[[ Data in this exercise, beginning ]]

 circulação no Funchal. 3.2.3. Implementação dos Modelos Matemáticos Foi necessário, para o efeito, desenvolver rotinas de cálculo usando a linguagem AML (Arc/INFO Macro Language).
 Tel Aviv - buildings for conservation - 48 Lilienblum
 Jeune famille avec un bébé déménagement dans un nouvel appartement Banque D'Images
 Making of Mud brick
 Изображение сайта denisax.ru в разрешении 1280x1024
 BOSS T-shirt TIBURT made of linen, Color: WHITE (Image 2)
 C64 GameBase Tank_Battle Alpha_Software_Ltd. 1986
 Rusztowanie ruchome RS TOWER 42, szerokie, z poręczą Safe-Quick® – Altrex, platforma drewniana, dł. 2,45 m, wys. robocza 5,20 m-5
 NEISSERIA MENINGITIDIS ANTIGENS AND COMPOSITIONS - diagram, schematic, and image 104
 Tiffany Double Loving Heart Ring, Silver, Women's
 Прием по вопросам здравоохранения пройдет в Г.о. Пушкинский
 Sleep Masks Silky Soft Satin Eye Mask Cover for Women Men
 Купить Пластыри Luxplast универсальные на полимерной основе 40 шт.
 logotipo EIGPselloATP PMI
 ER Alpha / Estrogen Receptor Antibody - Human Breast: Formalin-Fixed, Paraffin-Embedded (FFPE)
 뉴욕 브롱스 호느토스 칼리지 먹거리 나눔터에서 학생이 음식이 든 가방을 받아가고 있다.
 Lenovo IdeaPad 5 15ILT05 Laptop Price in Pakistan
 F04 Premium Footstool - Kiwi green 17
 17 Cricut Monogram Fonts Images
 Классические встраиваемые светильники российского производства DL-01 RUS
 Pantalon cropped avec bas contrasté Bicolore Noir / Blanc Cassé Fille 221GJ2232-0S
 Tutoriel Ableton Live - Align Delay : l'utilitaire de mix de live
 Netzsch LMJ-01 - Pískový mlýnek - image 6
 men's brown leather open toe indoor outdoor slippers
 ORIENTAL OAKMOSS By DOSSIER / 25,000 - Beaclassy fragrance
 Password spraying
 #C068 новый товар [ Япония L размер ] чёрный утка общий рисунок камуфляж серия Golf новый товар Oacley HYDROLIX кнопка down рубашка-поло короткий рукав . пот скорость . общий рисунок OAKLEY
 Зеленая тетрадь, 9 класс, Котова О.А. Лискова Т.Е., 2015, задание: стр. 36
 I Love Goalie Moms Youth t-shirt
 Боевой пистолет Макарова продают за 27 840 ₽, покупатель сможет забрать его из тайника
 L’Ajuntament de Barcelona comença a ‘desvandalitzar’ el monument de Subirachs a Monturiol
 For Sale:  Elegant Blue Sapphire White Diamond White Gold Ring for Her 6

[[ Data in this exercise, end ]]

## Assignment
Only the lines above from the line containing "Tiffany Double Loving" through the line containing "Боевой пистолет Макарова" should be retyped, exactly and with both ends included.

## Exercise output
 Tiffany Double Loving Heart Ring, Silver, Women's
 Прием по вопросам здравоохранения пройдет в Г.о. Пушкинский
 Sleep Masks Silky Soft Satin Eye Mask Cover for Women Men
 Купить Пластыри Luxplast универсальные на полимерной основе 40 шт.
 logotipo EIGPselloATP PMI
 ER Alpha / Estrogen Receptor Antibody - Human Breast: Formalin-Fixed, Paraffin-Embedded (FFPE)
 뉴욕 브롱스 호느토스 칼리지 먹거리 나눔터에서 학생이 음식이 든 가방을 받아가고 있다.
 Lenovo IdeaPad 5 15ILT05 Laptop Price in Pakistan
 F04 Premium Footstool - Kiwi green 17
 17 Cricut Monogram Fonts Images
 Классические встраиваемые светильники российского производства DL-01 RUS
 Pantalon cropped avec bas contrasté Bicolore Noir / Blanc Cassé Fille 221GJ2232-0S
 Tutoriel Ableton Live - Align Delay : l'utilitaire de mix de live
 Netzsch LMJ-01 - Pískový mlýnek - image 6
 men's brown leather open toe indoor outdoor slippers
 ORIENTAL OAKMOSS By DOSSIER / 25,000 - Beaclassy fragrance
 Password spraying
 #C068 новый товар [ Япония L размер ] чёрный утка общий рисунок камуфляж серия Golf новый товар Oacley HYDROLIX кнопка down рубашка-поло короткий рукав . пот скорость . общий рисунок OAKLEY
 Зеленая тетрадь, 9 класс, Котова О.А. Лискова Т.Е., 2015, задание: стр. 36
 I Love Goalie Moms Youth t-shirt
 Боевой пистолет Макарова продают за 27 840 ₽, покупатель сможет забрать его из тайника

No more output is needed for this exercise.